Work item
Exactly the lines below, starting with the one containing "Galileo Music Webshop" and going on through the one containing "Theresa May habló", must be reproduced, both ends included, and no pictures with them.

Data records
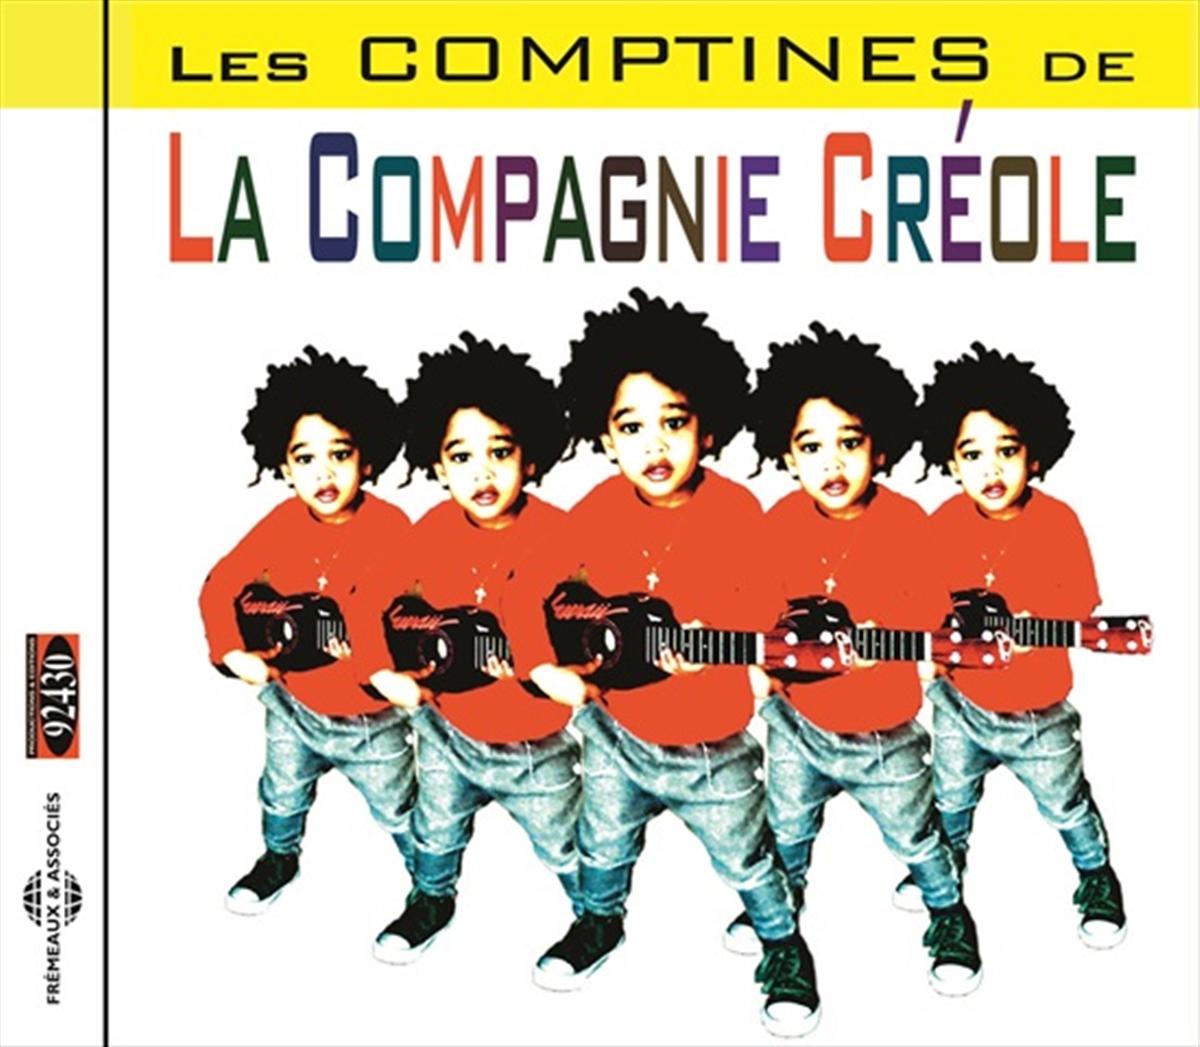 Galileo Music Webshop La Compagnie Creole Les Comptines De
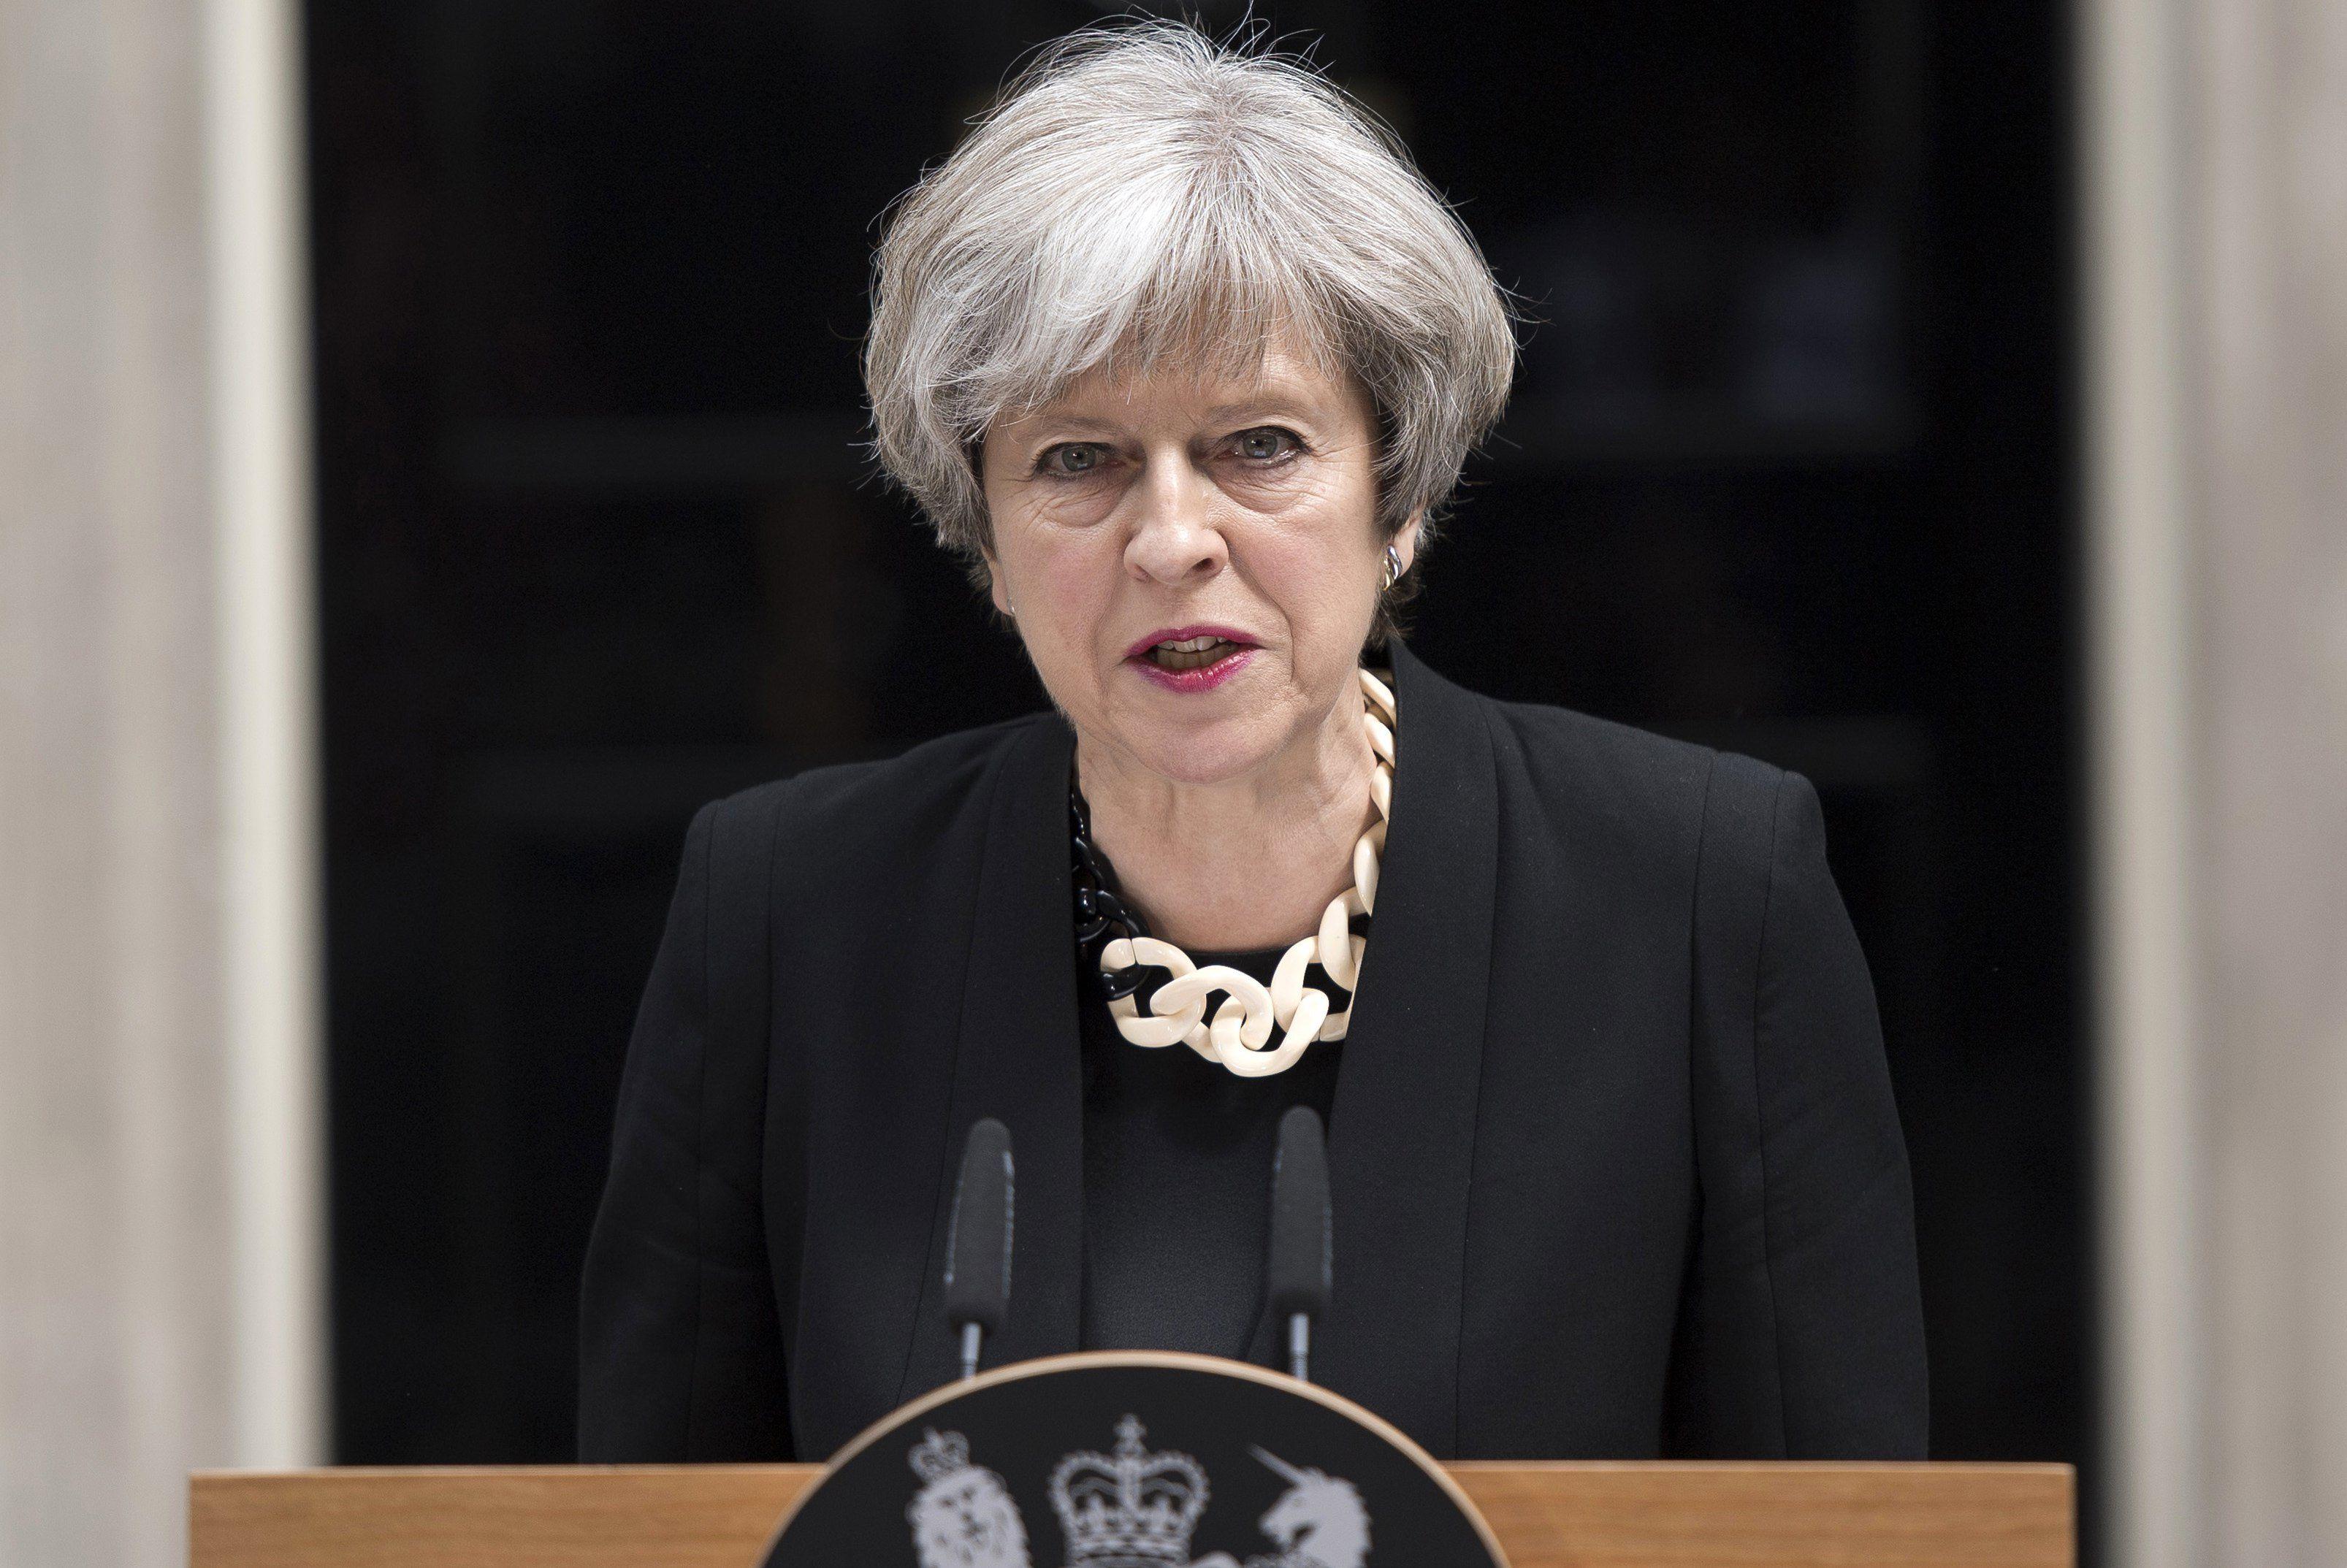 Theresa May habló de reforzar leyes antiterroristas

...

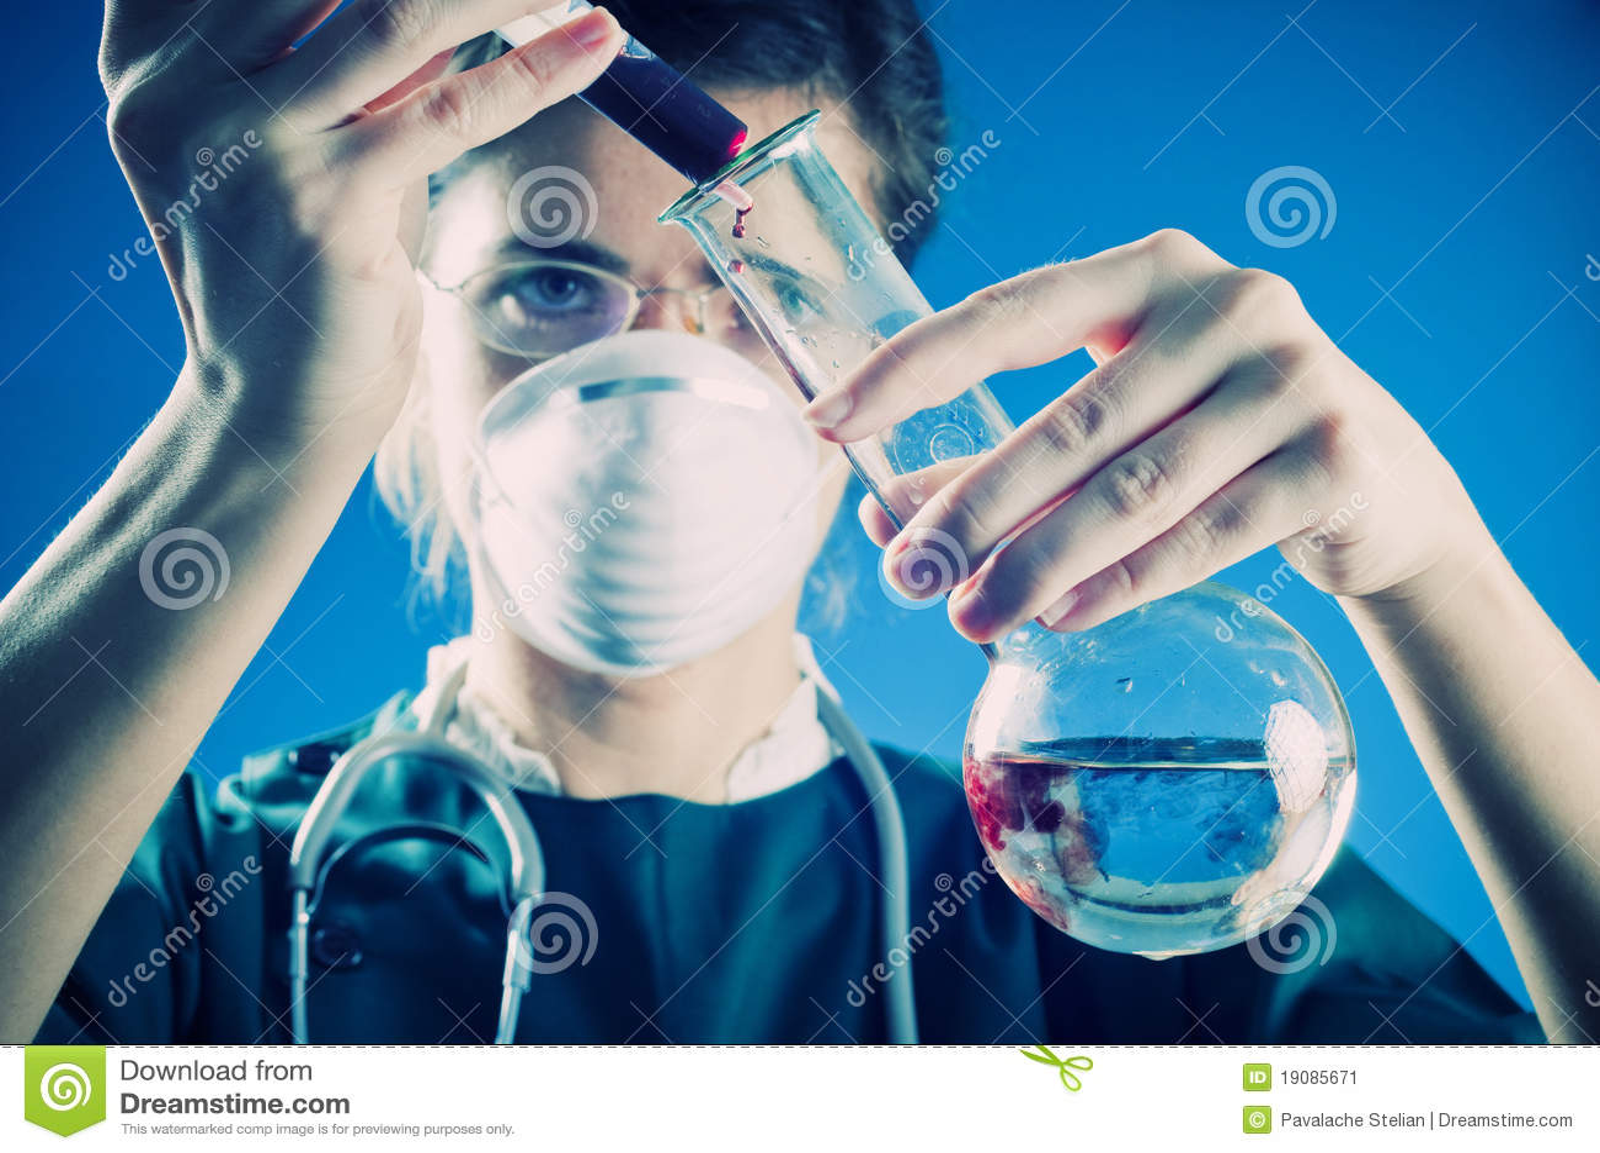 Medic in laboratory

Completed task
 Galileo Music Webshop La Compagnie Creole Les Comptines De
 Theresa May habló de reforzar leyes antiterroristas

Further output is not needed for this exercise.